How can I dig myself out of this emotional hole?!


Question: I have been really depressed over the last few years of my life. I have always had a somewhat sad disposition, but it has never been this bad before. I've been in several relationships with people who cheated on me and about a year ago I found out my longtime friend was sleeping with the man I loved. I haven't quite recovered since then. What makes it worse is that many of my other "friends" kept the secret for her. I feel so angry and betrayed. I really don't feel like I can trust anyone and have isolated myself. I pray for the ability to forgive them everyday and sometimes I think I have, but I really feel crippled in life. I feel so hurt and unworthy. I try my best to be a good person and a good friend, but it never fails that I get trampled on. I have no one to talk to and I feel like nobody really cares about me. Everyday I think about committing suicide and each day becomes a little harder to live, a little harder to get up and keep going. Somebody help me please


Answers: I have been really depressed over the last few years of my life. I have always had a somewhat sad disposition, but it has never been this bad before. I've been in several relationships with people who cheated on me and about a year ago I found out my longtime friend was sleeping with the man I loved. I haven't quite recovered since then. What makes it worse is that many of my other "friends" kept the secret for her. I feel so angry and betrayed. I really don't feel like I can trust anyone and have isolated myself. I pray for the ability to forgive them everyday and sometimes I think I have, but I really feel crippled in life. I feel so hurt and unworthy. I try my best to be a good person and a good friend, but it never fails that I get trampled on. I have no one to talk to and I feel like nobody really cares about me. Everyday I think about committing suicide and each day becomes a little harder to live, a little harder to get up and keep going. Somebody help me please

Oh, man. So sorry. There's nothing worse than being truly depressed, completely hopeless, and feeling like you're just sinking more into isolation and hopelessness. I think at this point, the little things are going to count to help you out of this, and more importantly, WANT to get out of this.
You need to realize the thoughts that are going through your head, and the words you are saying to yourself. Really be aware of yourself, and be aware of the actions you are doing. You need to keep on saying that you are going to get out of this, that you CAN, and will. believe you will. imagine the kind of life you want, and know you will have that. make small goals, that you can do now. go outside more, even if only for a few minutes in the morning. try doing a positive thing for yourself (start excercising, stop smoking, eating better etc), to make you realize you're worth living, that you are worth something. see a therapist, you need to talk this out, and have someone to help you see clearly (depression breeds distortion). Also, to help you pick men better. Were your parents unfaithful? Your father, perhaps? You're probably attracted to men who cheat on you, and don't make you feel very good, right? If you meet another man you feel absolutely crazy/lustful about, you can probably trust that he's not a good man for you. find men who are healthy, and can accept intimacy/commitment, and who will nurture you, physically, verbally, emotionally, etc.
Think about a life where you have new people - friends who care about you, a non-abusive lover, a contented life doing the things you want to do. good luck.

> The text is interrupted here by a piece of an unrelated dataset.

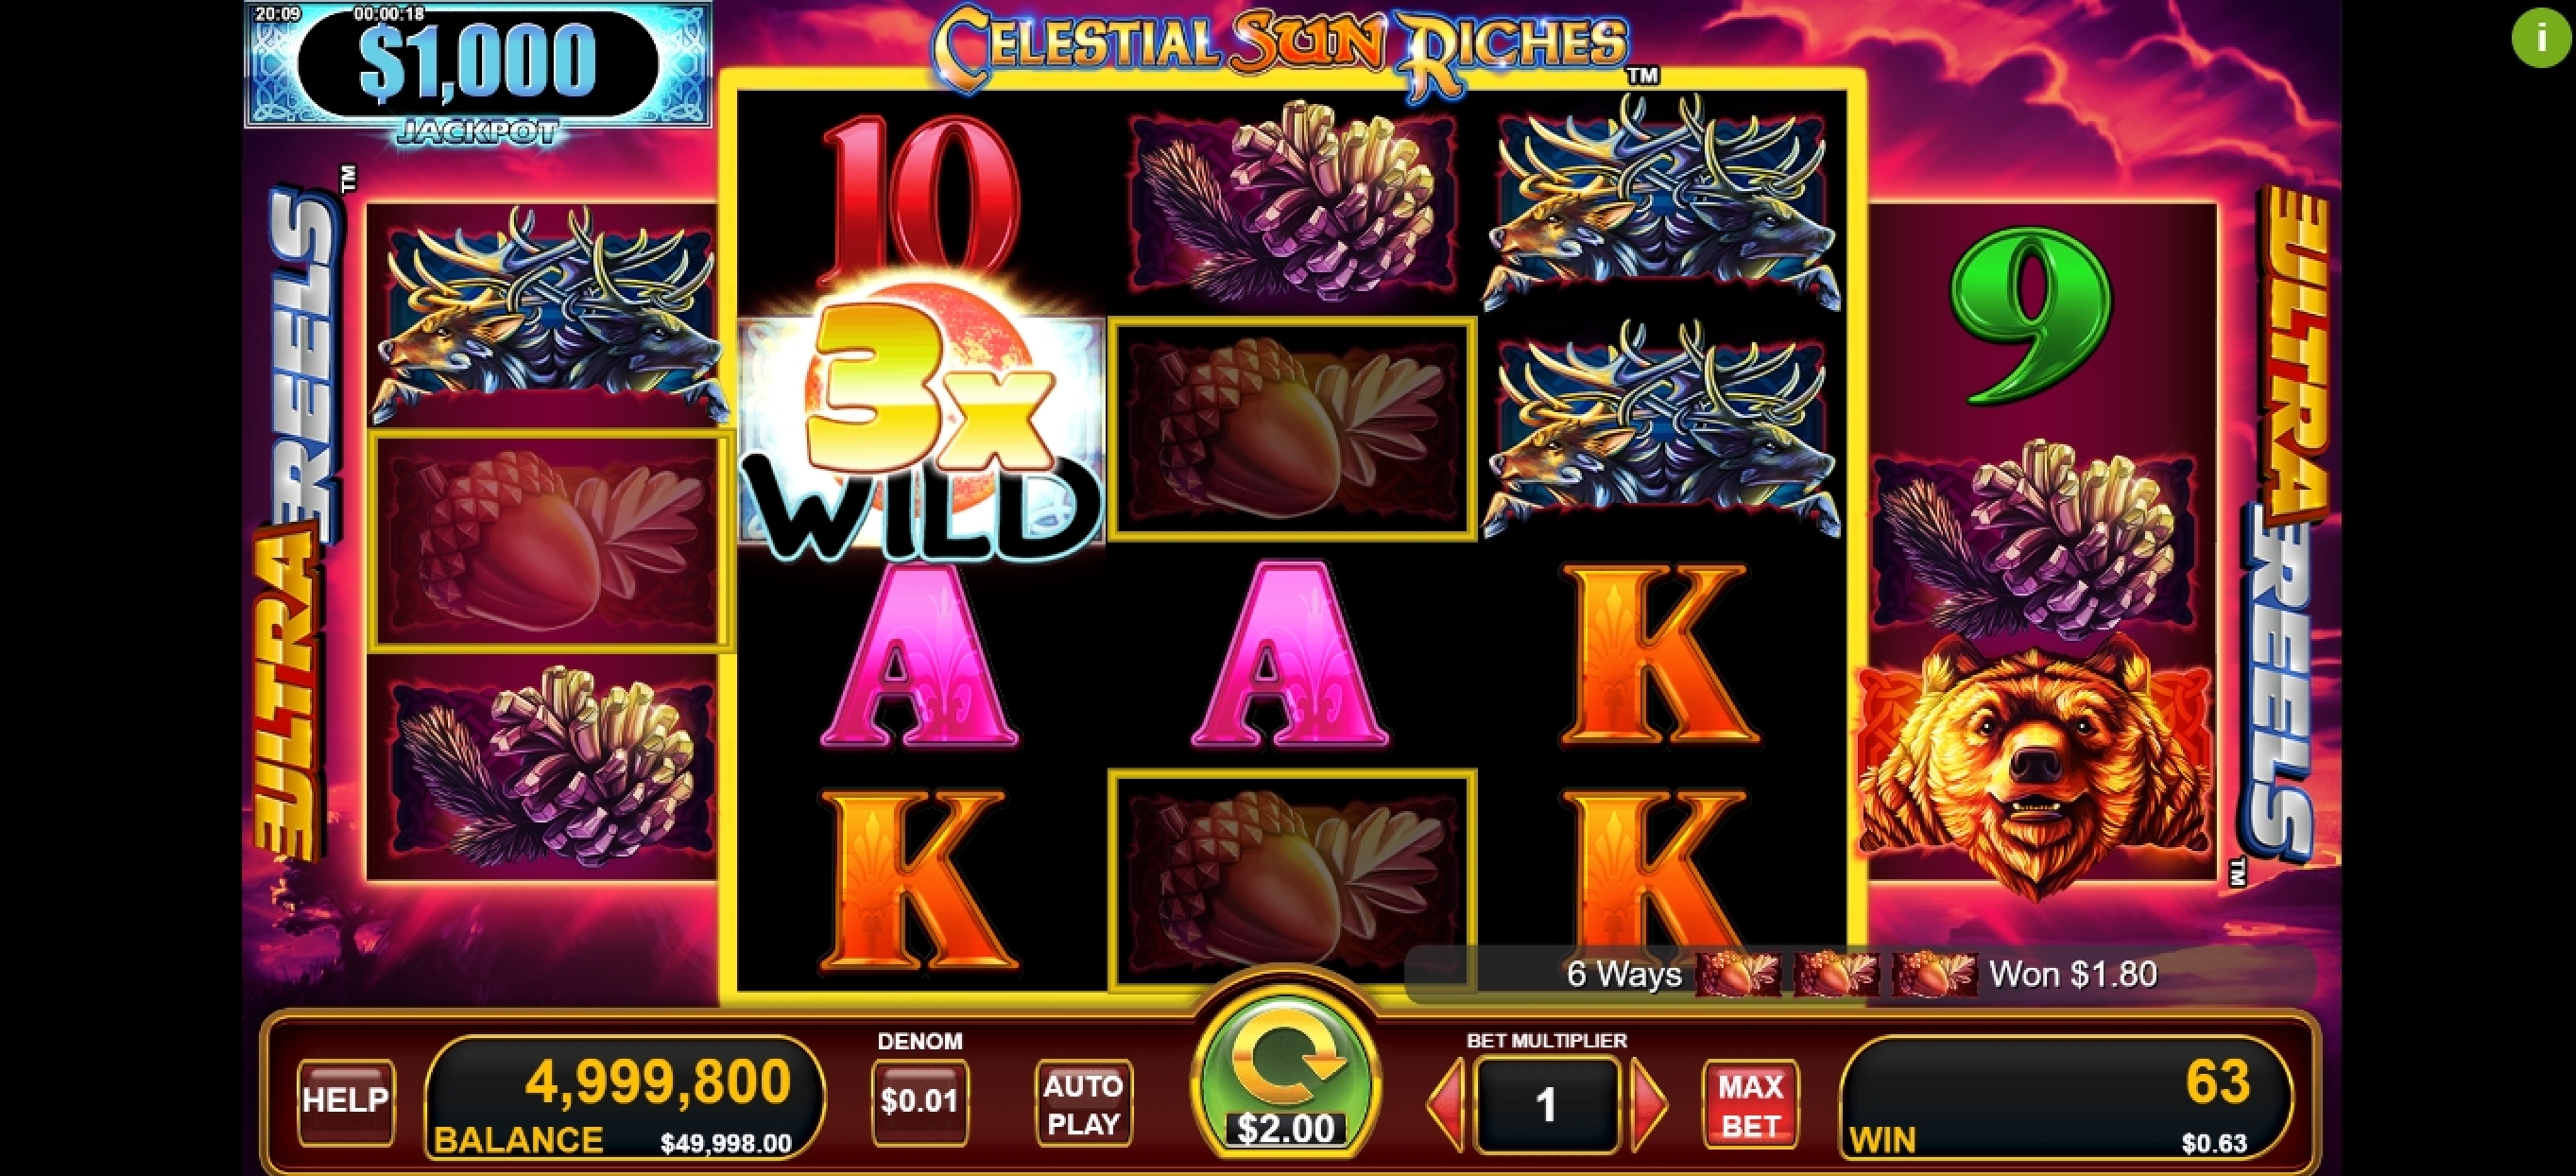 Multiplier Riches Slot Machine

some people are cruel. we try to trust people and then we get screwed. and everytime we get screwed it gets harder and harder. if you want to talk i'm on aim now. my screename is TheBTPYoda

depression can take over your life very easily but you have goals and dreams that you need to go for as far as your friends go we all make mistakes and you cant always take them back you need to get out and do things you enjoy life is short to short and you need to think of the good not the negative and you probley schould see a therapist where suicide is in your mind but thats not the way to go because there is someone waiting for your help and understanding there is a reason your here your personal life will get better seek the help

I am in the same position 4 sure. Add me to your friends and maybe we can chat sometime. I can relate a lot!